Auditor General Lysyk's August 9, 2023 report revealed that Ryan Amato, the chief of staff to Housing Minister Steve Clark, drove the process that led to 15 parcels of land being removed from the Greenbelt area around Toronto, creating a potential $8.3 billion gain for a select group of developers.
Before her report was released, Ontario Premier Doug Ford said the issue was outside her scope.
Two prominent developers, took Lysyk's office to court in an effort to block her efforts to speak with them for the Greenbelt report.
Lysyk determined that the Greenbelt decision was "seriously flawed" and lacked the necessary environmental and financial analysis.
She said nothing in her report indicates anything criminal took place, but "what we see here is an ethical issue."
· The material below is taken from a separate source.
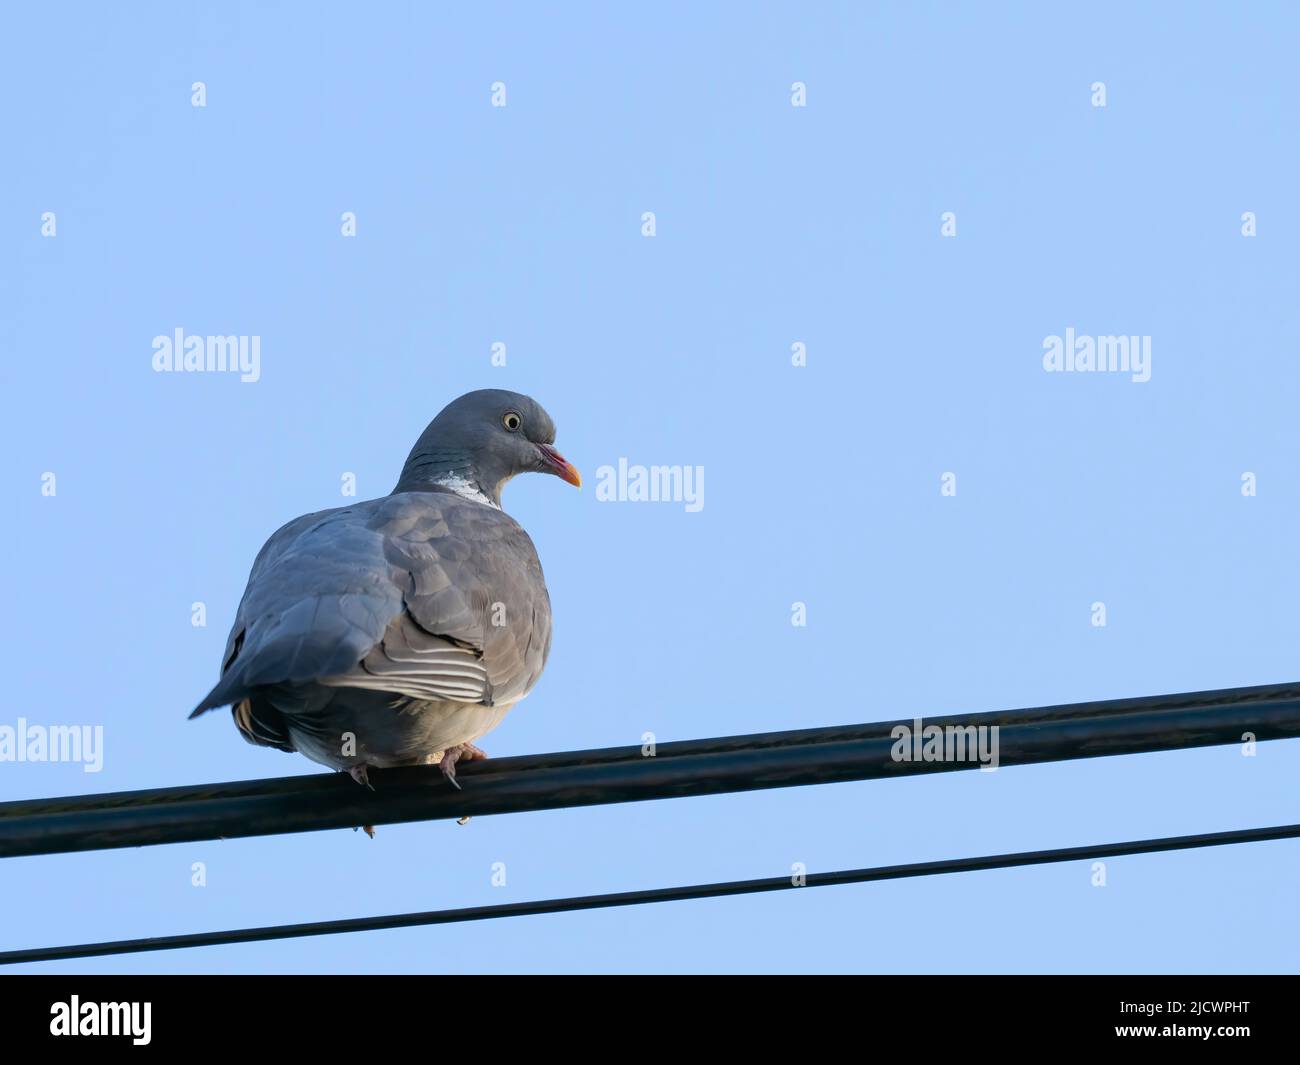 A Common Woodpigeon (Columba palumbus), also known as Wood Pigeon, perched on a power cable in Blackpool, Lancashire, UK Stock Photo

==Other professional activity==
Lysyk has been a member of the Canadian Council of Legislative Auditors, and the Committee of Professional Conduct of the Canadian Institute of Actuaries. She has served on the Board of the Canadian Audit and Accountability Foundation (CCAF-FCVI Inc.) and she has taught auditing courses in Toronto and overseas.

Upon completing her term as Auditor General of Ontario, Lysyk said she did not plan to retire, and is interested in becoming involved in the finance or energy sectors.
On 7 October 2024, Lysyk was named executive vice-president of enforcement with the Ontario Securities Commission.

==Awards and recognition==

In 2017, Lysyk was named a Fellow of the Chartered Professional Accountants (CPA) of Ontario
a distinction that formally recognizes CPAs who have rendered exceptional service to the profession and in their communities.

Lysyk is the recipient of the 2020 Distinguished Leader Award from Brock University's Goodman School of Business.